CS4290/CS6290HPCA

School of computer science

Georgia Institute of Technology

CS4290/CS6290HPCA Fall 2010

Homework assignment #3
Due: Tuesday, November 11, ~~November 9~~ , Before class (no late submission)
Hyesoon Kim, Instructor

This is an individual assignment. You can discuss this assignment with other classmates but you should do your assignment individually.

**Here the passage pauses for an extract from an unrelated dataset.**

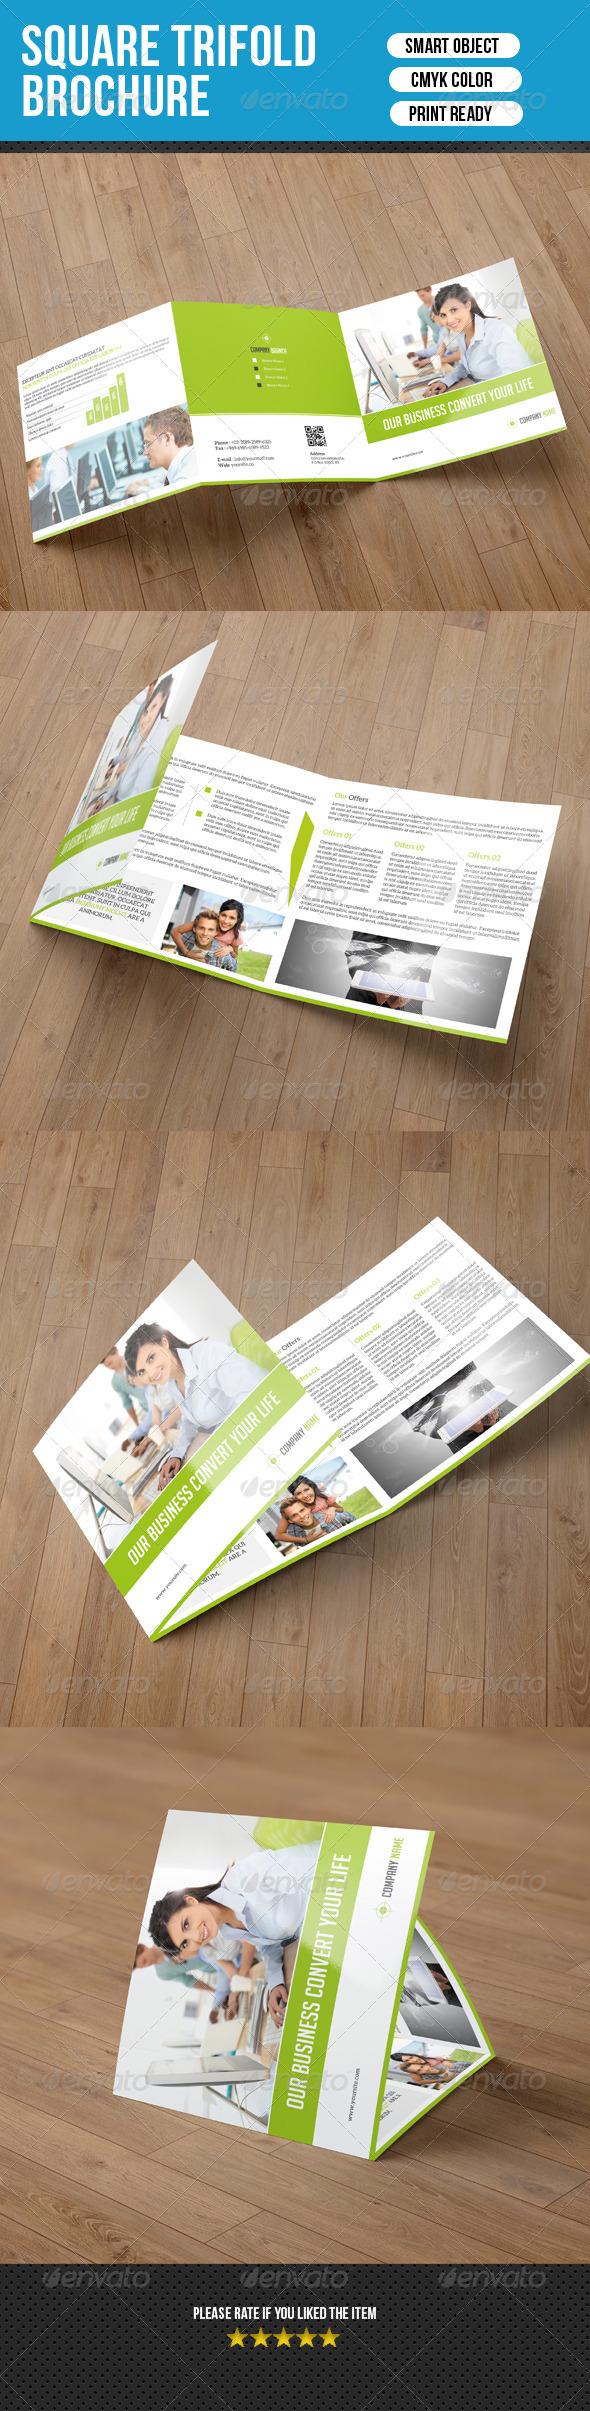 GraphicRiver Square Trifold Brochure-Business 7591891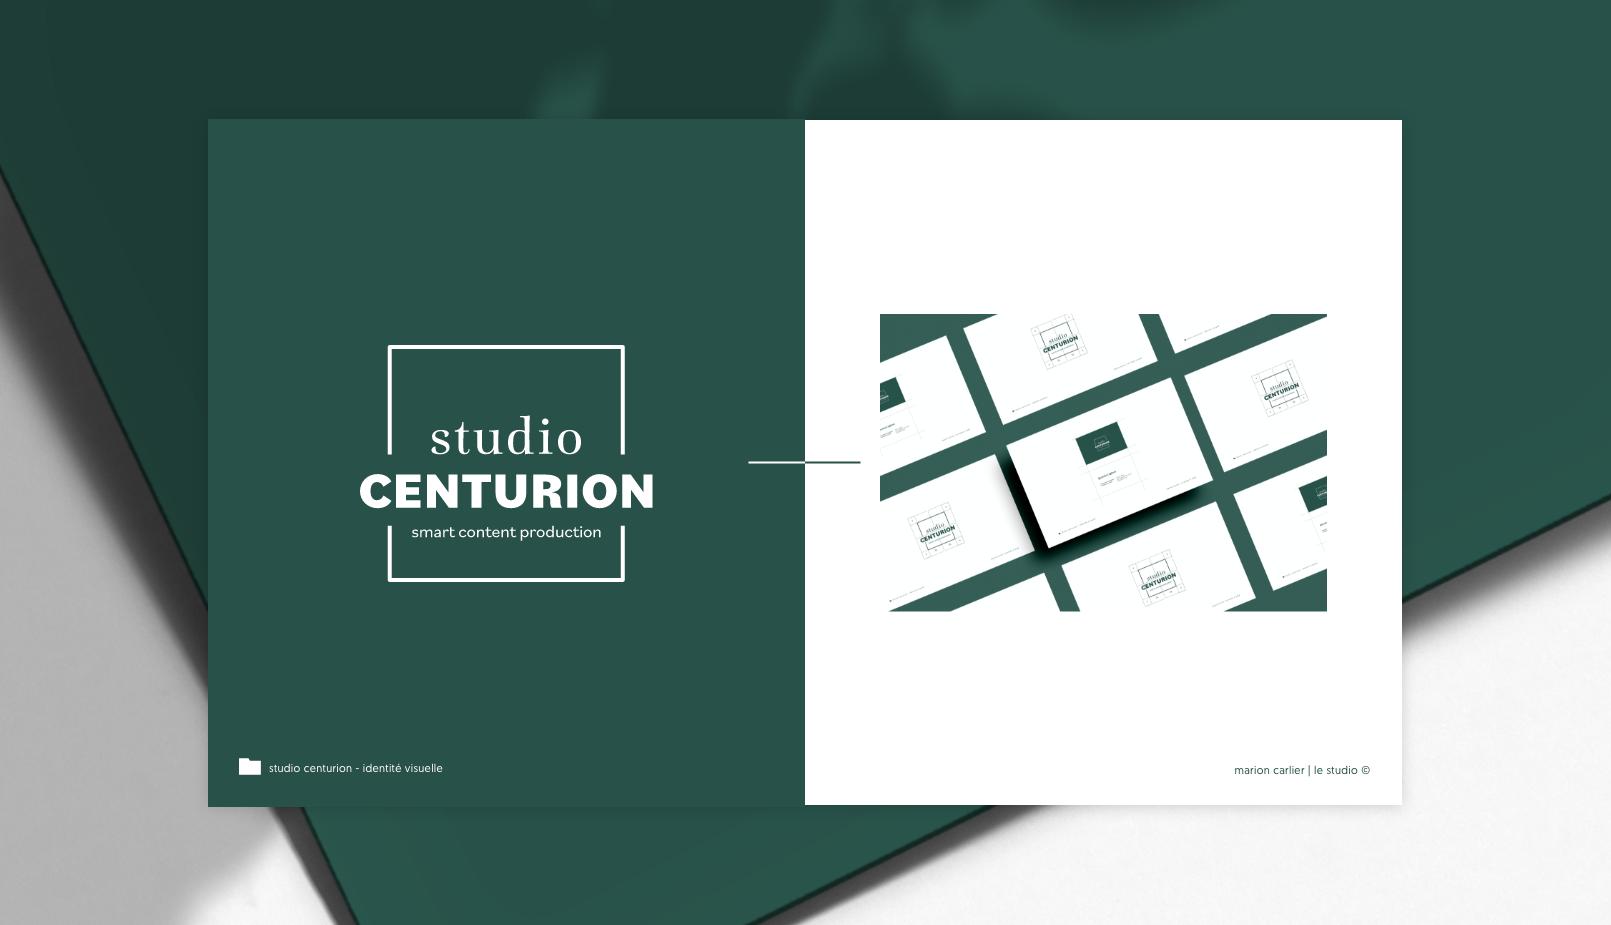 marion-carlier-services-studio-centurion

(5 points) The DRAM memory access time within an application measured in a modern processor varies significantly. Discuss reasons why the DRAM memory access time can vary significantly. CPU frequency and DRAM frequency are not changed during run-time.
(10 points) We like to insert software prefetching requests to speed up the following matrix addition code.
```
for (int ii = 0; ii < 1000; ii++) {
a[ii] = b[ii]+c[ii];
}
```
The modified code is:
```
 
for (int ii = 0; ii < 1000; ii++) {
prefetch(a[ii+k]);
prefetch(b[ii+k]);
prefetch(c[ii+k]);
a[ii] = b[ii]+c[ii];
}
```
prefetch(x) prefetches memory address x.

(a) Find the best performing k value (K is an integer value). Assume that the memory latency (cache miss latency) is 200 cycles and a[],b[],and c[] are 64 bit floating point data structures and the cache block size is 16B . Assume that the statement a[ii]=b[ii]+c[ii] is translated into 2 LDs and 1 ST, 1 FP add. LD/ST cache hit latency is 3 cycles, FP add takes 1 cycle.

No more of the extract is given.